Eileen lui fait la grimace avant de saisir la main de Killian posée sur la table et de le regarder avec la passion des premiers jours. Iris est contente qu'ils se retrouvent ensemble. Si tout le monde s'éparpille, son amie aura besoin d'une présence familière à ses côtés.
- Bon, c'est bien beau tout ça, mais on a même pas passé le BAC, faudrait arrêter de s'emballer, s'exclame Kate avec un soupir désespéré. On est pas au bout de nos peines.
- Justement, dit Eileen, je pensais organiser des séances de révisions chez moi pour nous préparer au mieux, qu'est-ce que vous en dîtes ? On sera plus efficace ensemble.
- Bonne idée ! s'exclame Iris, soudain motivée.
- Je suis partant évidemment, approuve Killian à son tour, suivi de près par Lucas et Adèle.
- Je veux bien mais ce n'est pas un nouvel an, tu sais Eileen. Tu n'es pas obligée « d'organiser » des séances de révisions, se moque gentiment Kate en entourant celle-ci d'un bras protecteur.
Eileen lève un doigt solennel.
- L'organisation c'est une des clés de la réussite, et je tiens à ce qu'on est tous notre diplôme à la fin de l'année.
- On l'aura, t'inquiète pas, la rassure Iris.
- Ça oui ! Allez, on trinque ! lance Kate à la tablée.
Tous consentent avec joie et lèvent leurs mugs encore fumants avant de les entrechoquer les uns aux autres. Les rires fusent et les conversations reprennent leurs cours, dans une ambiance légère et pleine d'espoirs et d'aspirations. Iris se sent heureuse d'être ici, en compagnie de ses amis les plus proches, mais quelques part au fond d'elle-même, la jeune fille sent poindre un faible sentiment d'angoisse. Malgré tout, elle a peur de finir le lycée, car elle sait qu'après ça ils ne seront plus tous ensemble comme ils le sont maintenant, plus aussi souvent du moins. Au fond, elle craint que la vie ne les fasse malencontreusement s'éloigner et que plus jamais ils ne puissent retrouver ce qu'ils possèdent à cet instant : cette facilité à être eux-mêmes, à rire et à se confier. Son cœur se gonfle soudain d'une nostalgie d'un moment qui n'est pas encore terminé et elle sent les larmes lui monter aux yeux.

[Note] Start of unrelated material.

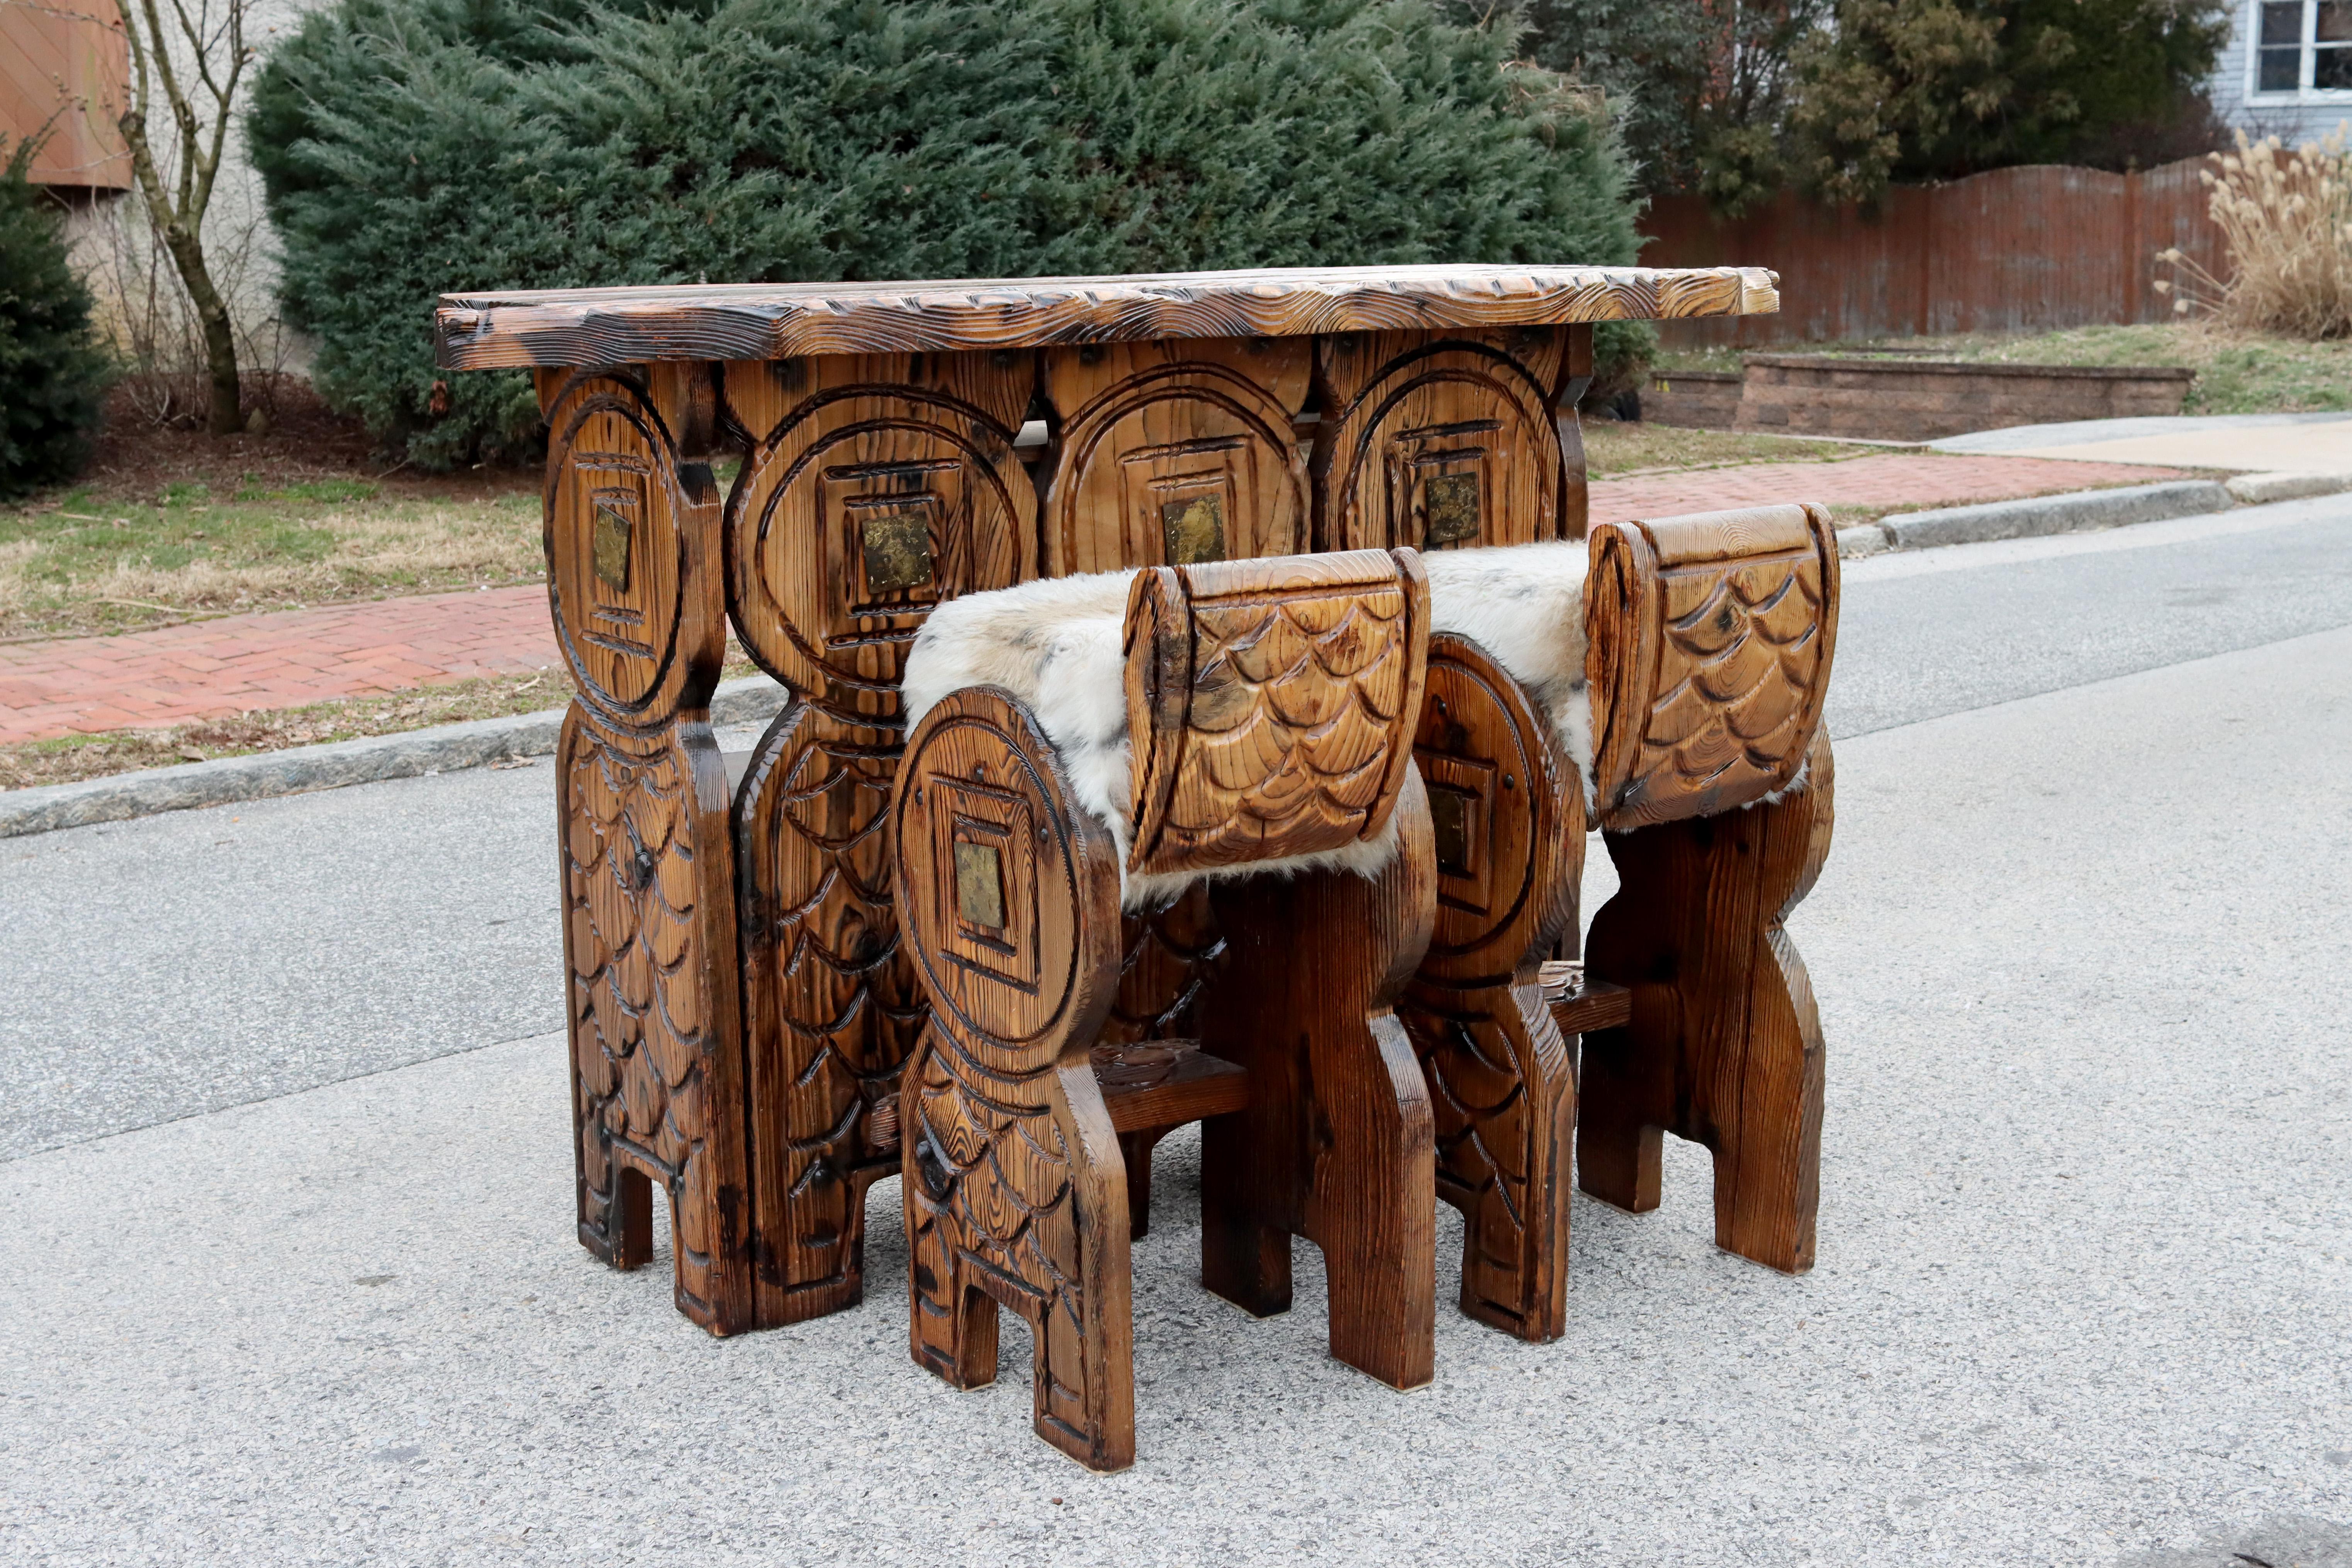 A beautiful and classic tiki bar set by the legendary manufacturer Witco. This bar comes from a whole line of dragon-themed furniture that Witco produced in the mid-20th century. The ends of the bar top extend into dragon heads and there are scale

Lucas semble lire dans ses pensées car il choisit ce moment pour l'enlacer d'un bras et déposer un baiser sur sa tempe. Sa présence la rassure instantanément et les larmes refluent, laissant la place à un sourire plein de reconnaissance. Elle sait que même si tout va changer, lui sera là. Le temps qu'il faudra et le temps que la vie leur accordera mais-et elle le comprend à présent-cela suffira. Elle ne le gâchera pas, elle en profitera à chaque instant comme si à tout moment cela pouvait être leur dernier. Elle se sent déjà plus forte pour affronter les épreuves que lui réserve l'avenir. Peut-être est-ce grâce à lui, ou bien à la Mort et à la Vie et leur précieuse leçon, au fond, cela importe peu. Elle veut vivre pleinement.
Et sur ces pensées, elle laisse sa tête retomber sur l'épaule de Lucas et sourit.